* Data below
= = = = = = =

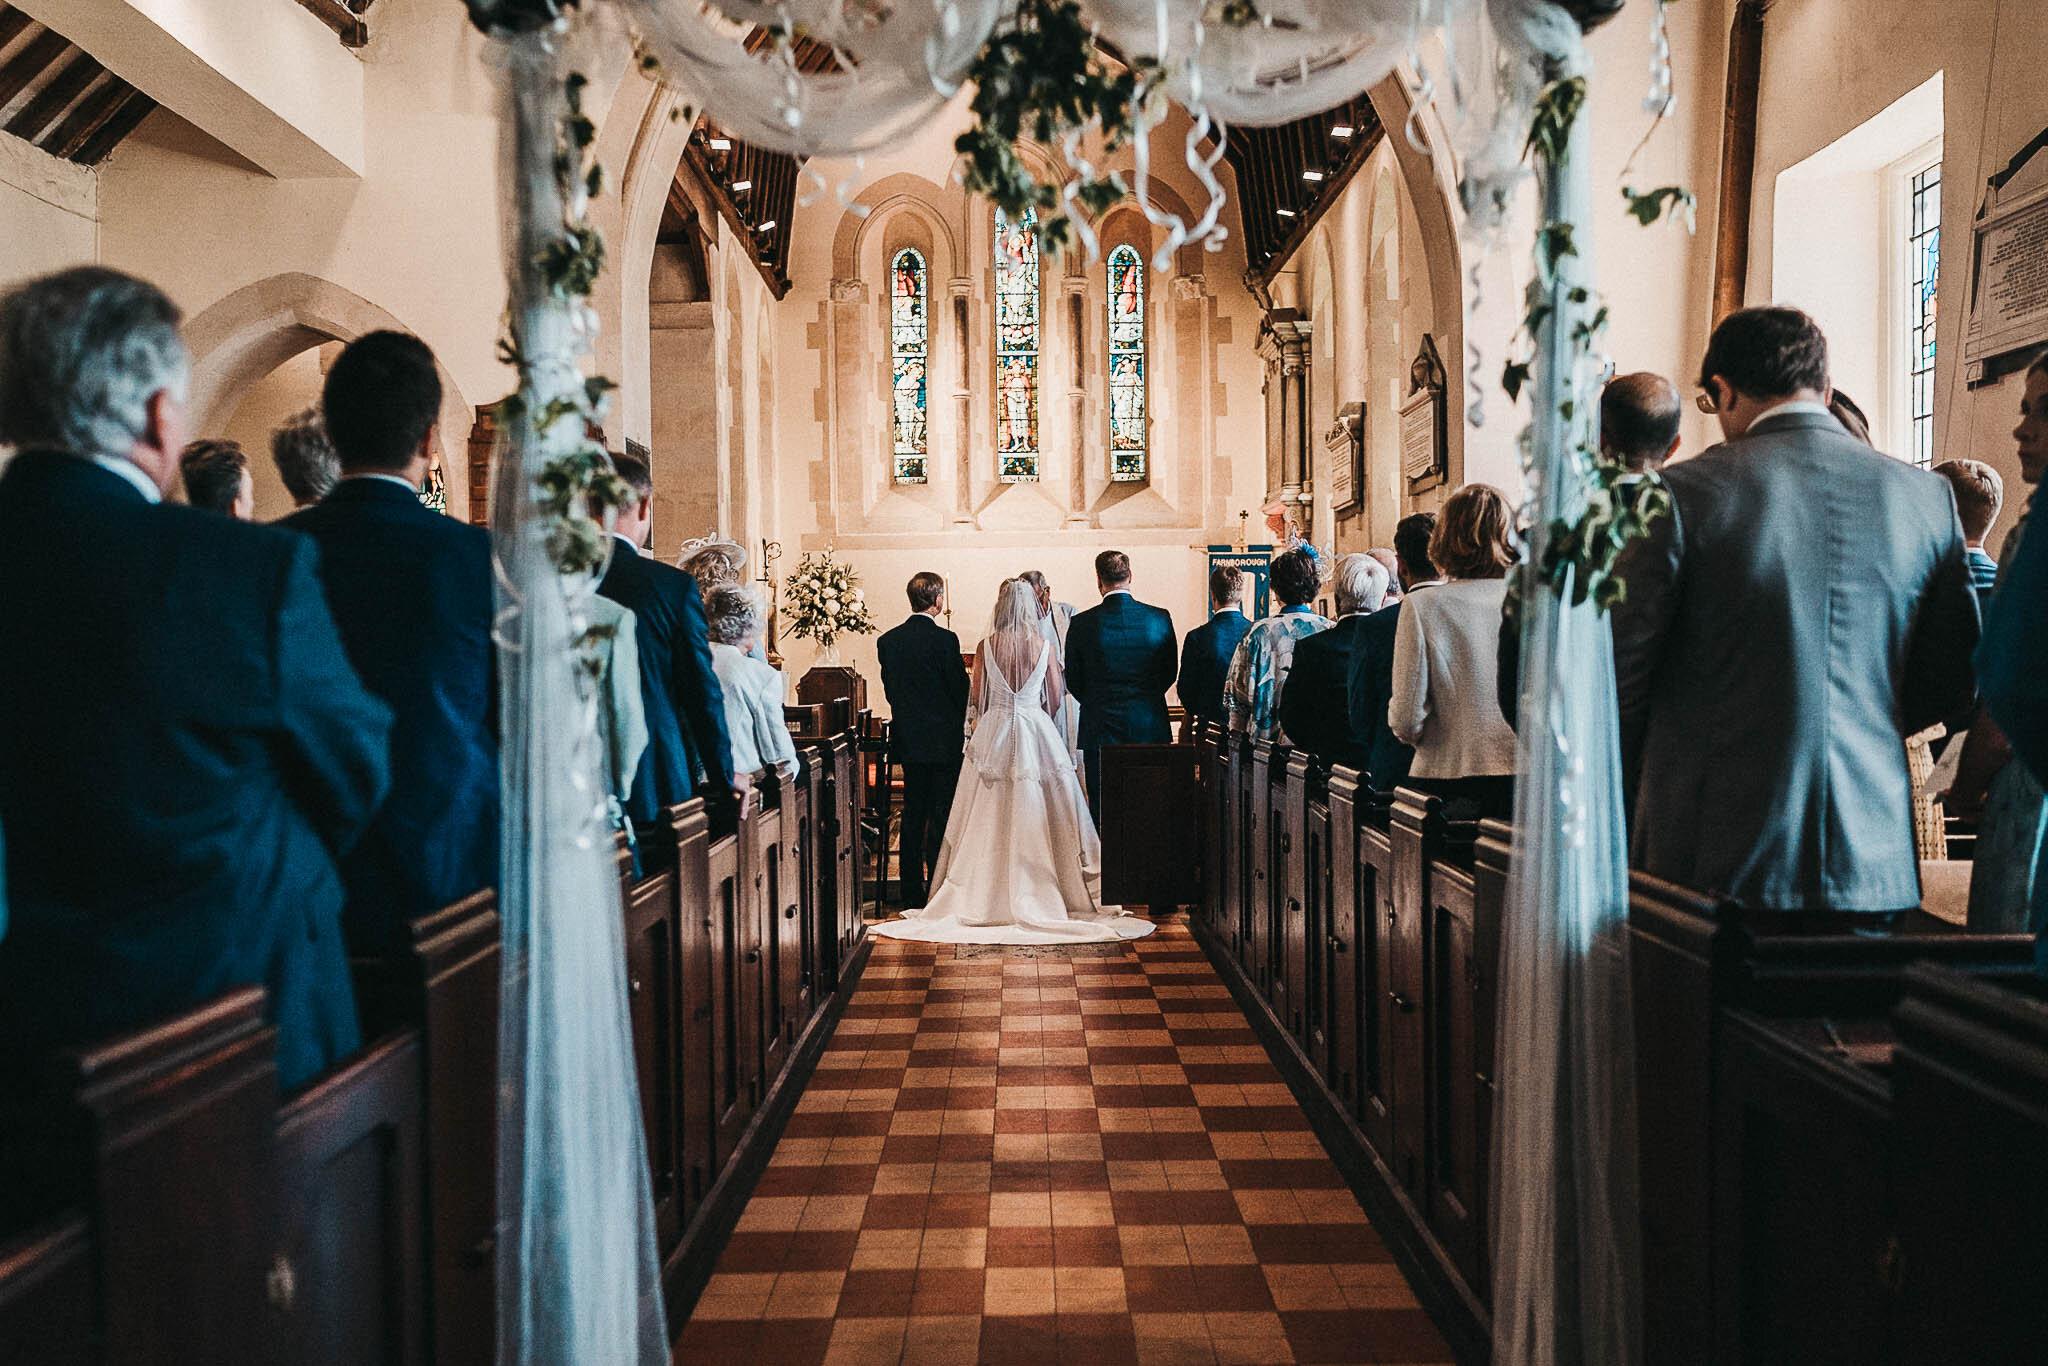 kent-church-wedding-ceremony
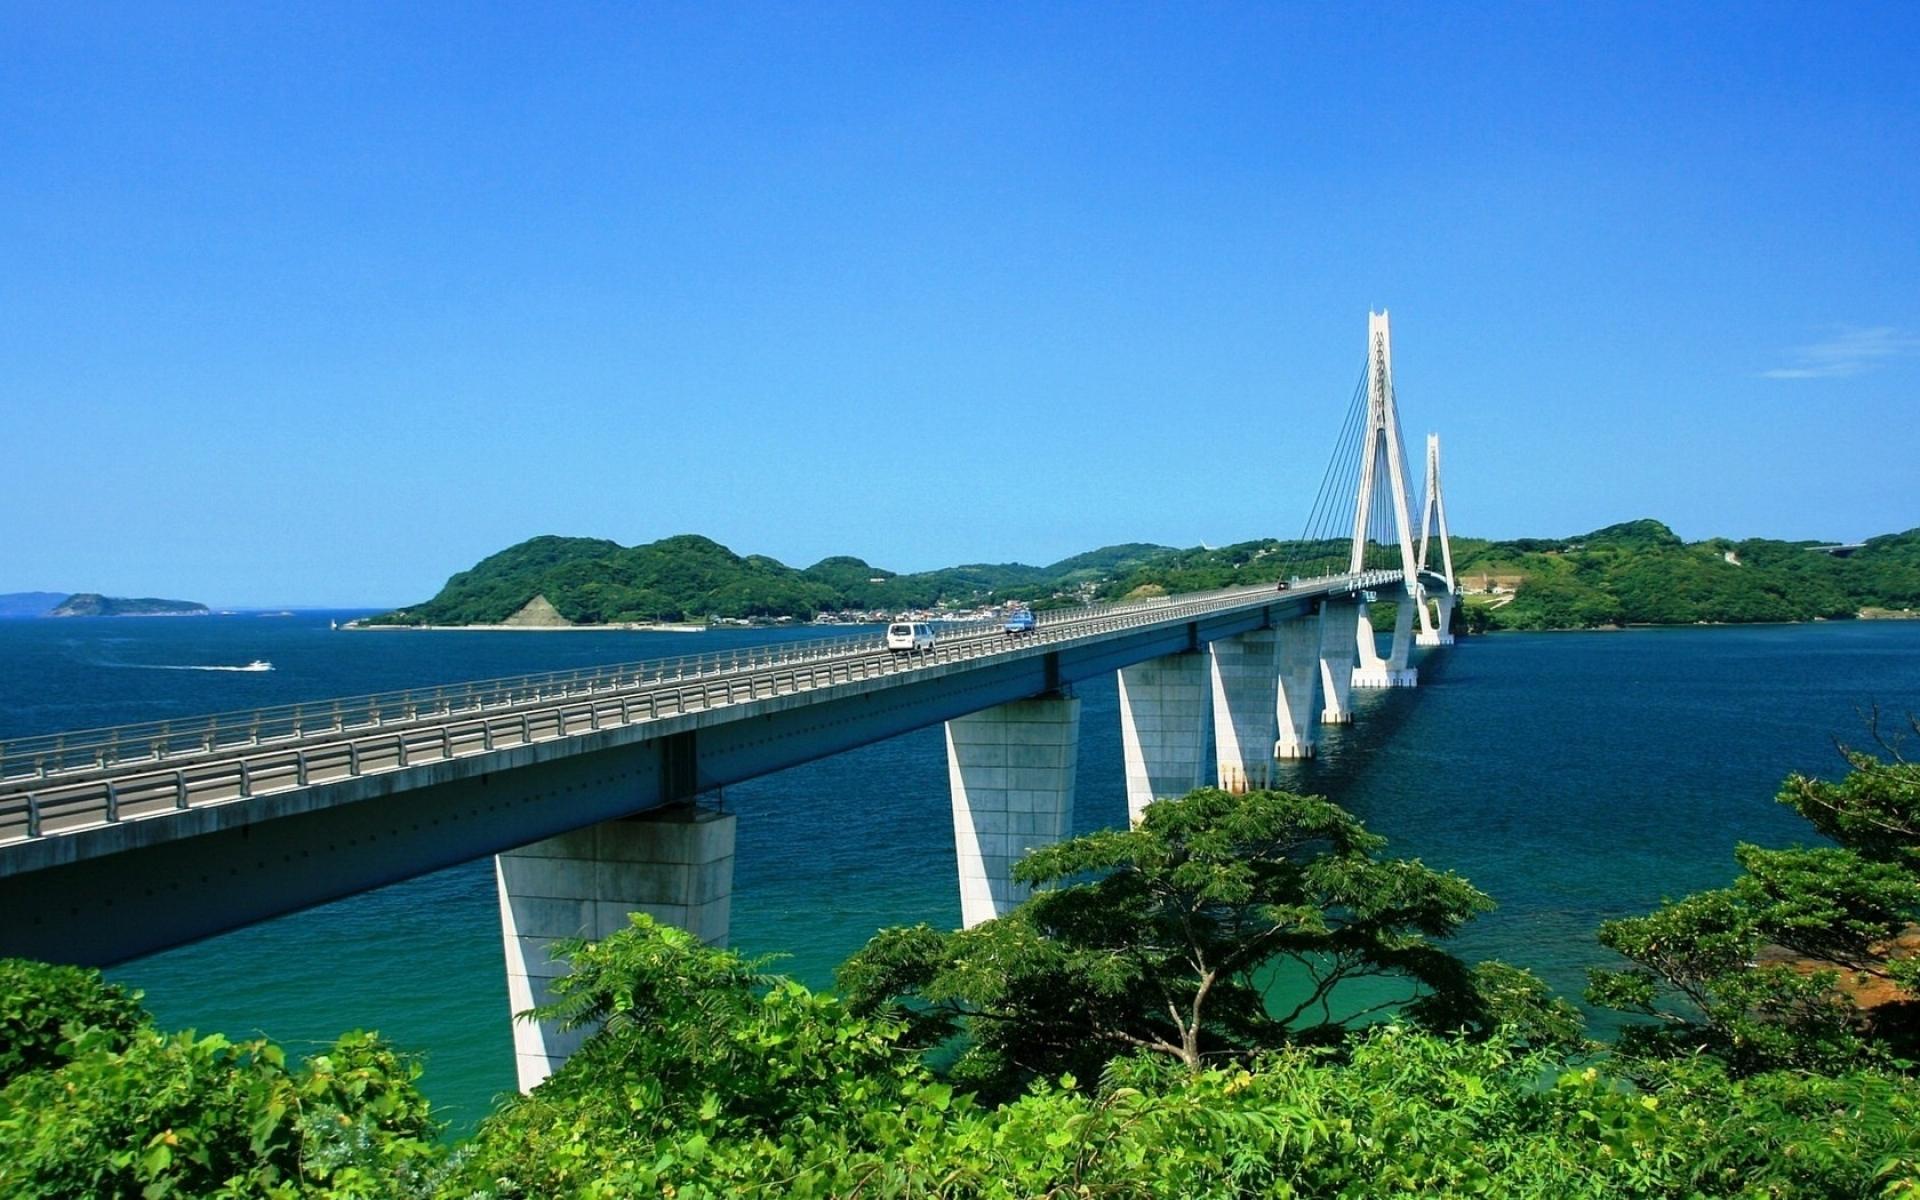 природа страны архитектура река мост Александр без смс
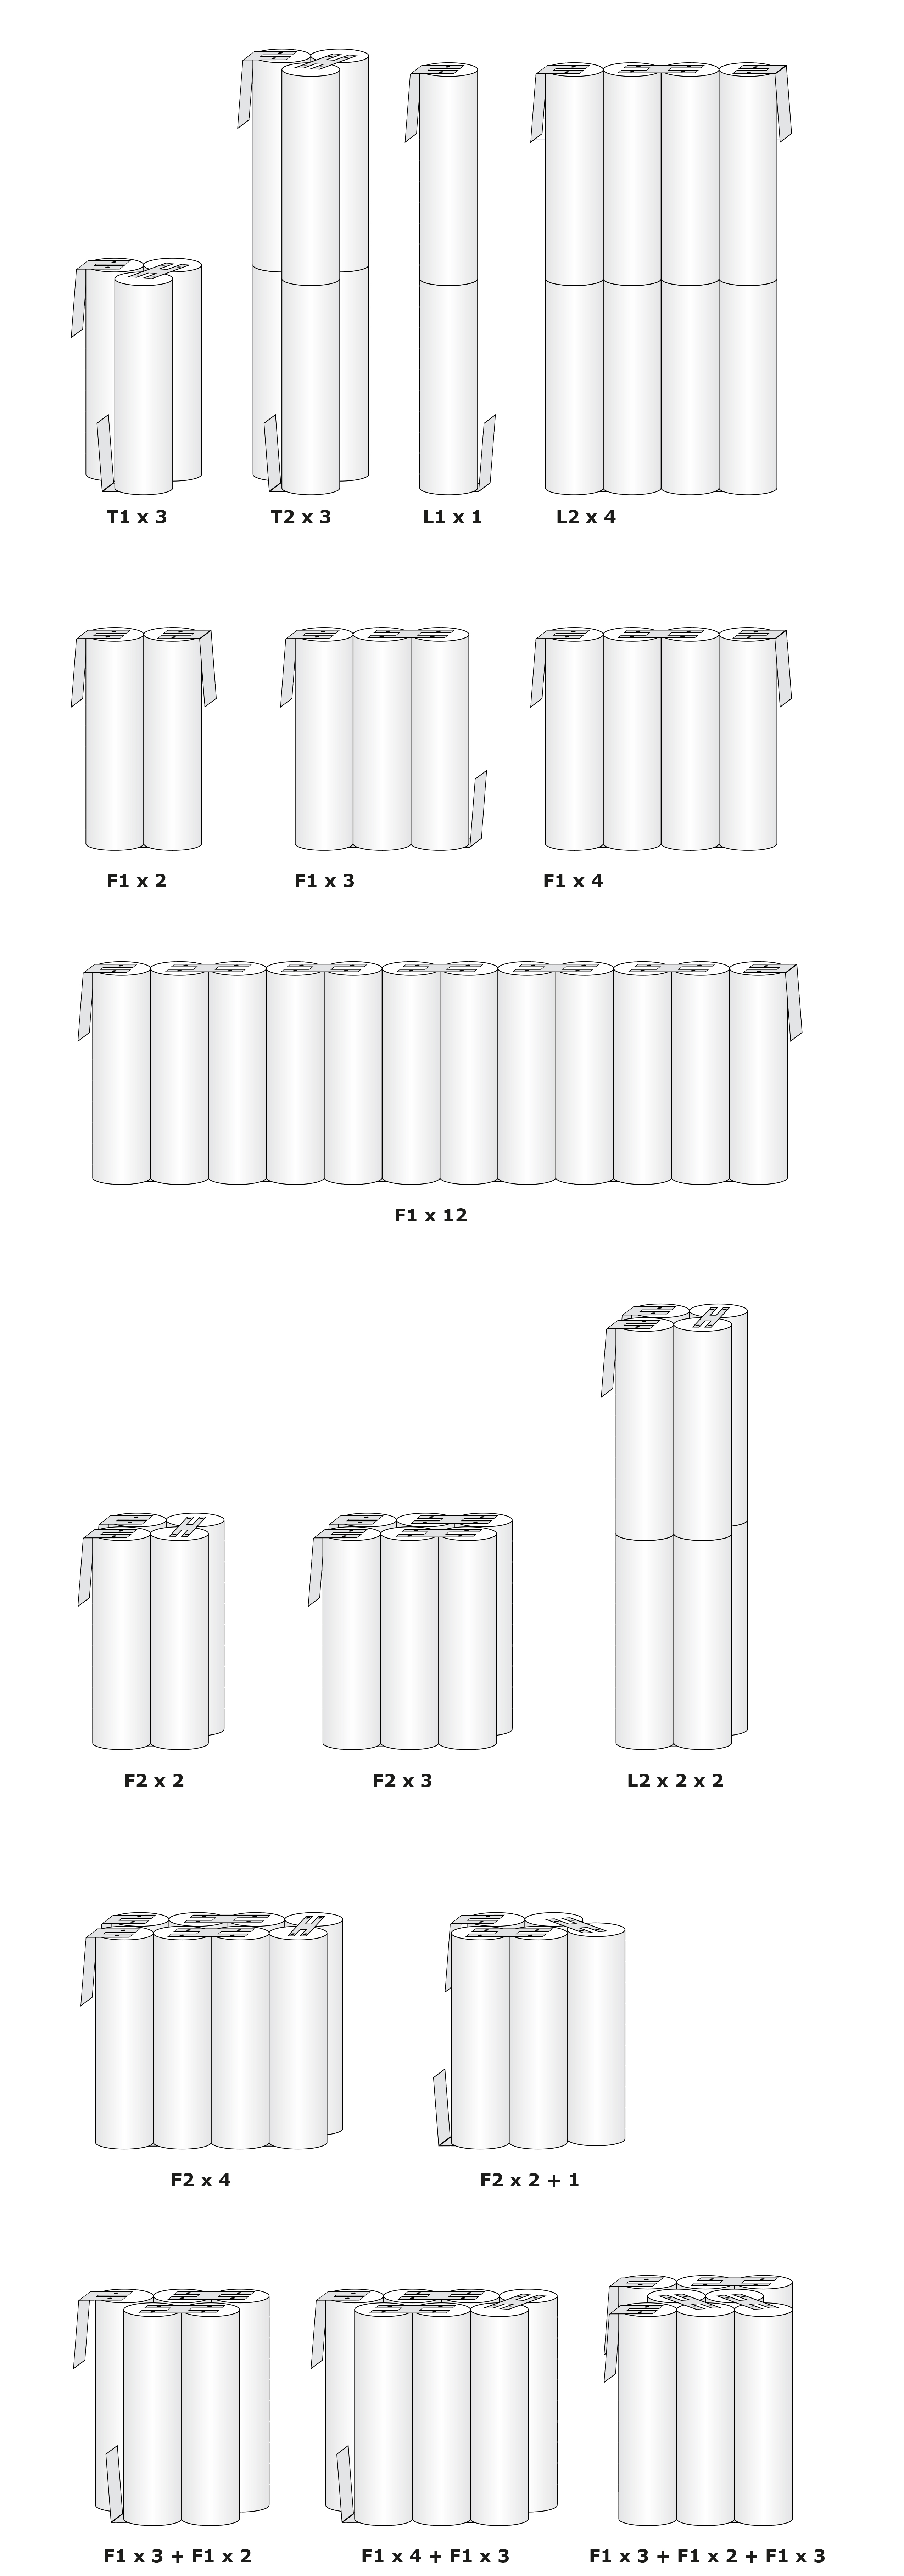 Batteripakkens opbygning

= = = = = = =

* Exercise objective
Restate the full listing verbatim and drop every picture.

* Response box
 kent-church-wedding-ceremony
 природа страны архитектура река мост Александр без смс
 Batteripakkens opbygning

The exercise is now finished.